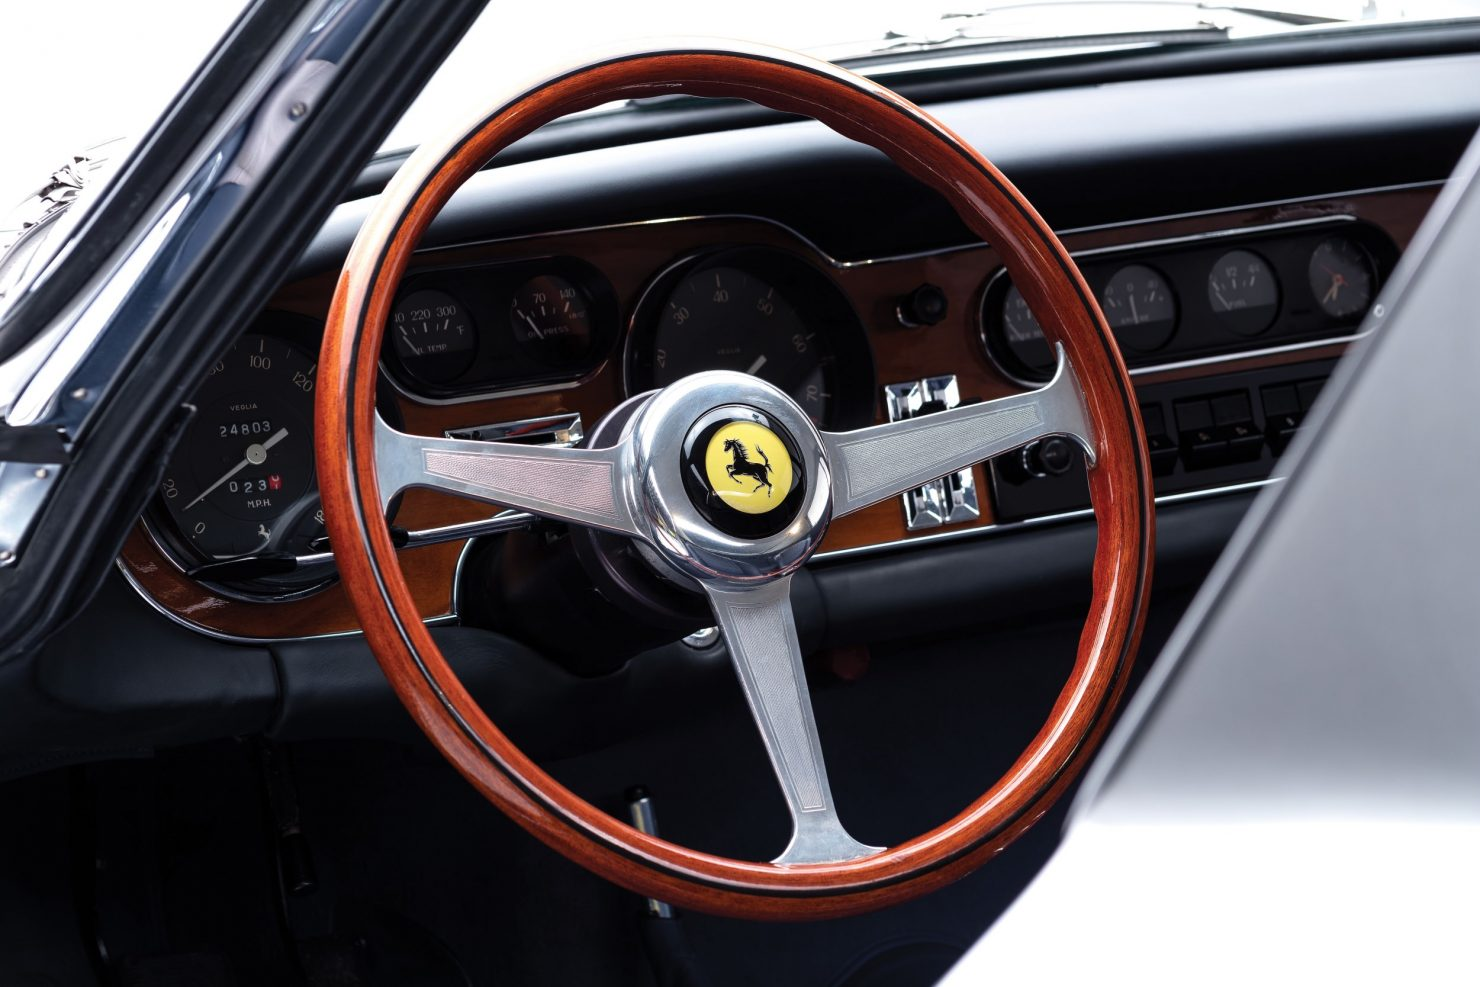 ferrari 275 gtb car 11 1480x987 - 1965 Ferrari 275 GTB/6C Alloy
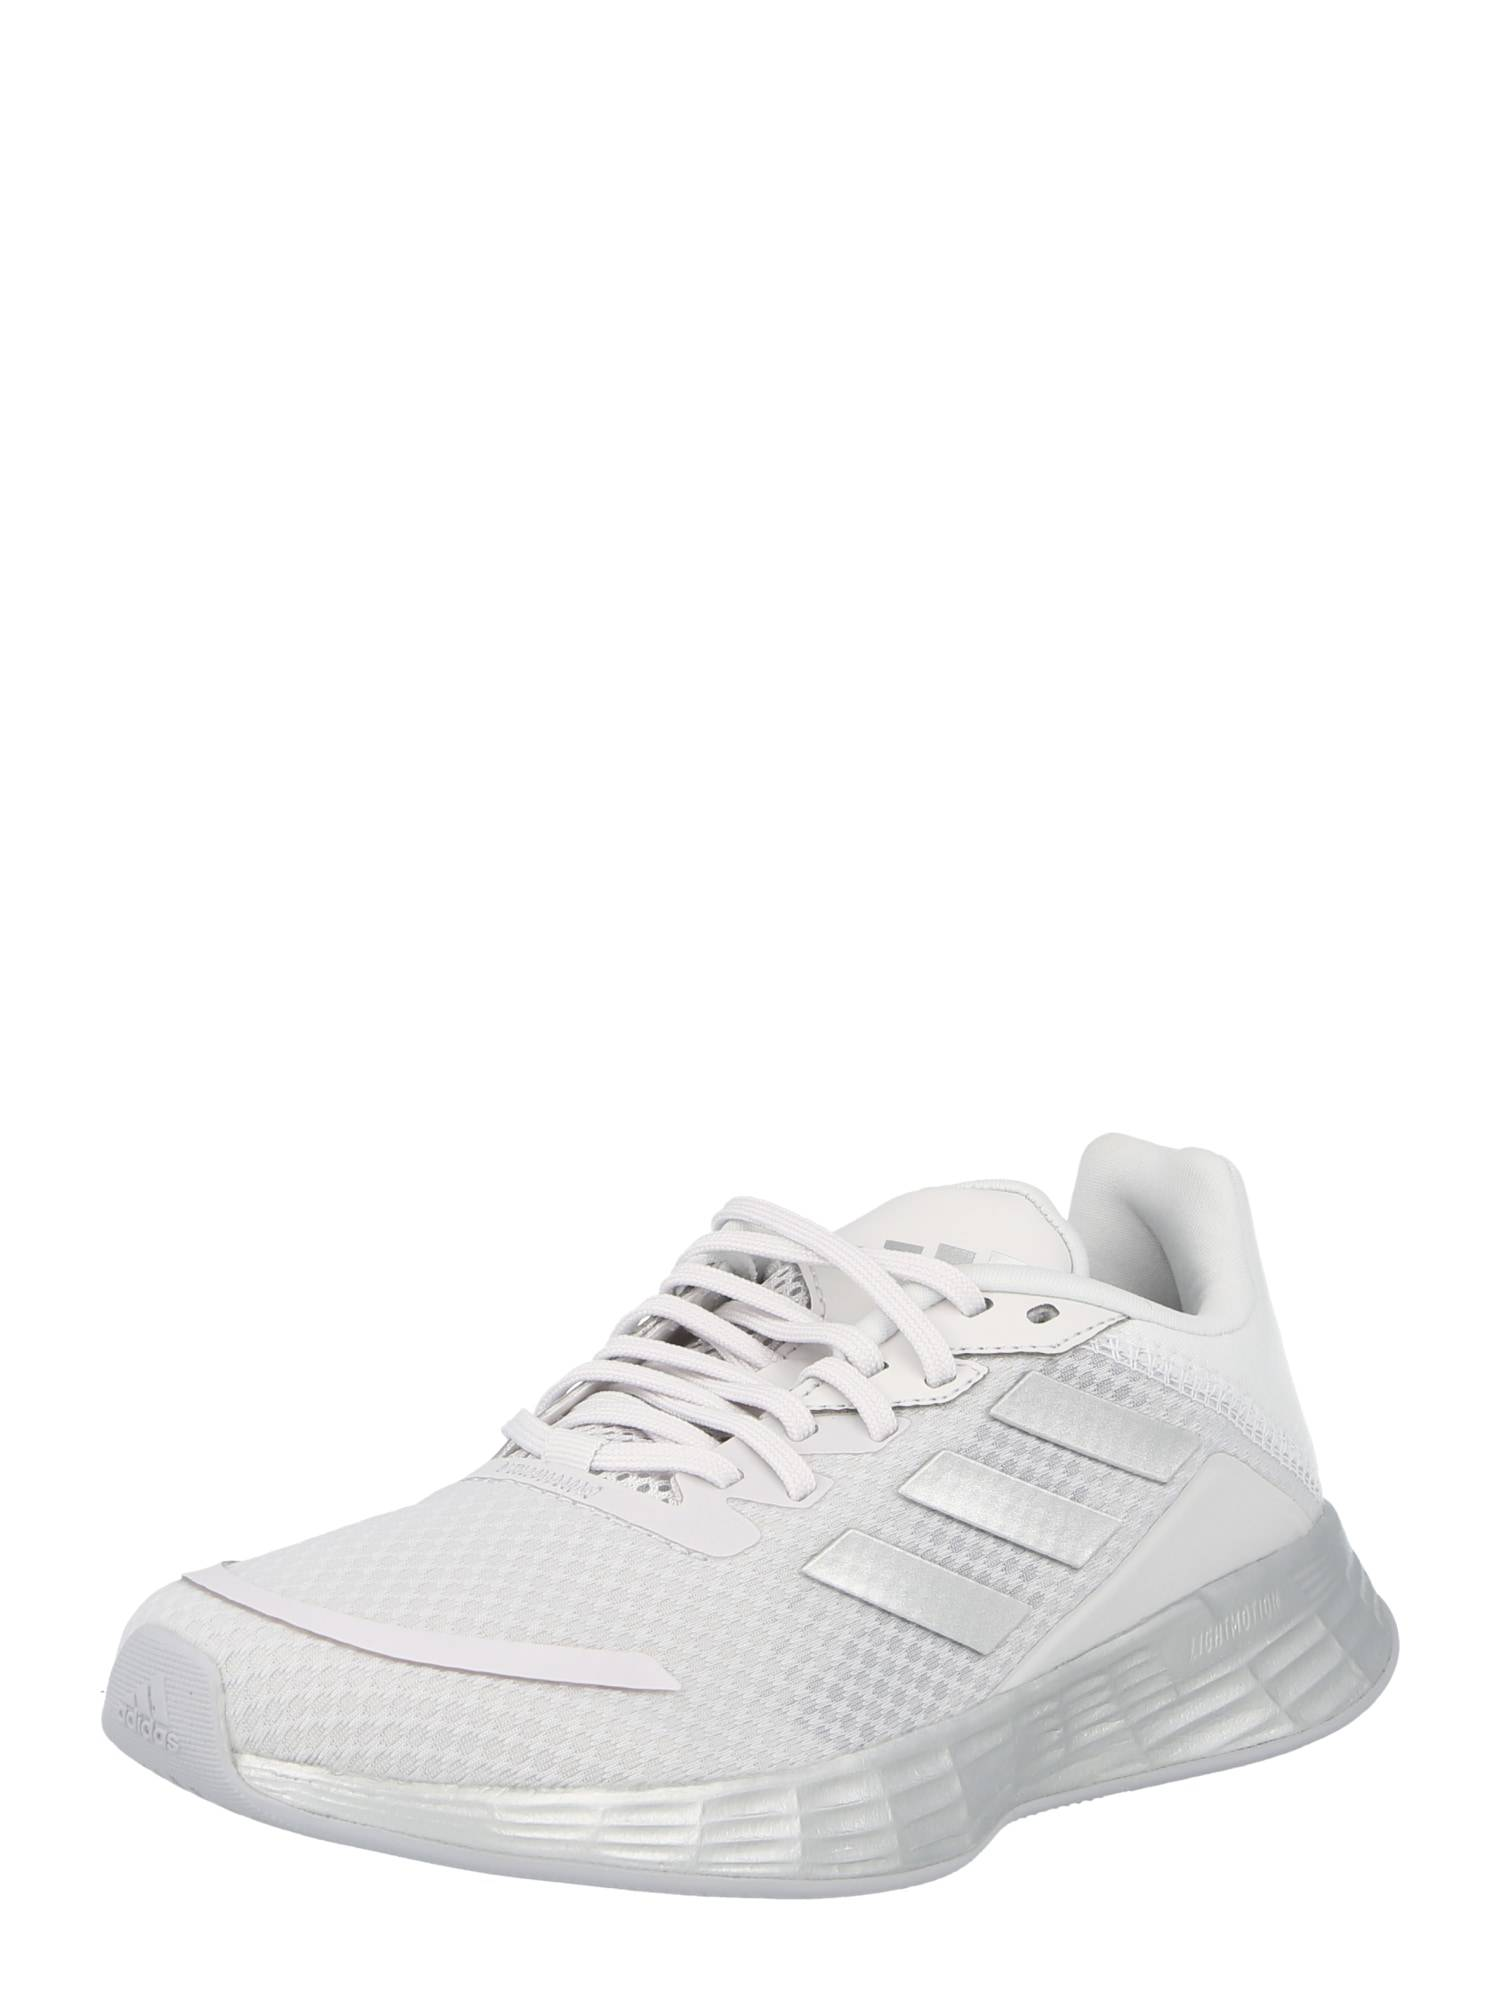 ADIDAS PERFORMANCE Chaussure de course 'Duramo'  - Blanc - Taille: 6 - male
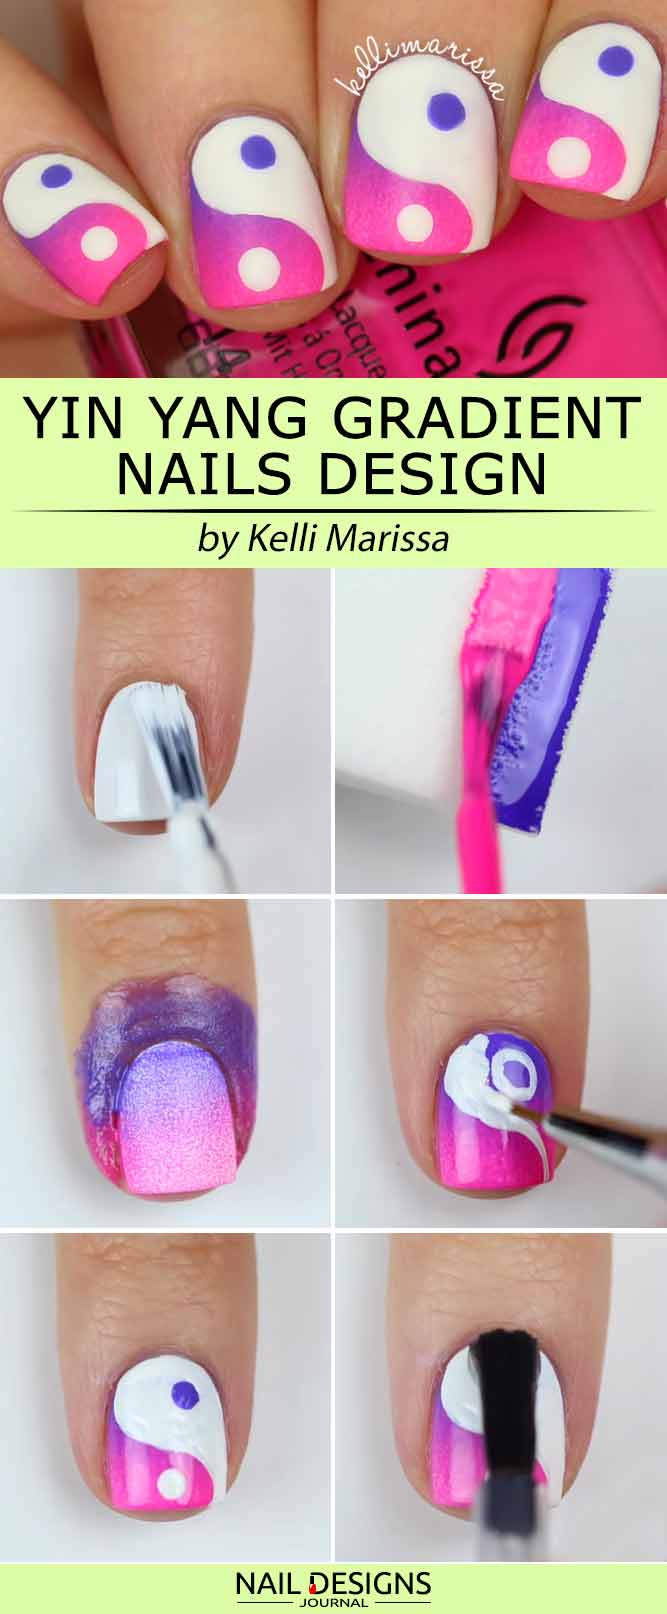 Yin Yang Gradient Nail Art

Your task: Please provide a faithful transcription of all the data, pictures excluded.

Response area:
 ferrari 275 gtb car 11 1480x987 - 1965 Ferrari 275 GTB/6C Alloy
 ADIDAS PERFORMANCE Chaussure de course 'Duramo'  - Blanc - Taille: 6 - male
 Yin Yang Gradient Nail Art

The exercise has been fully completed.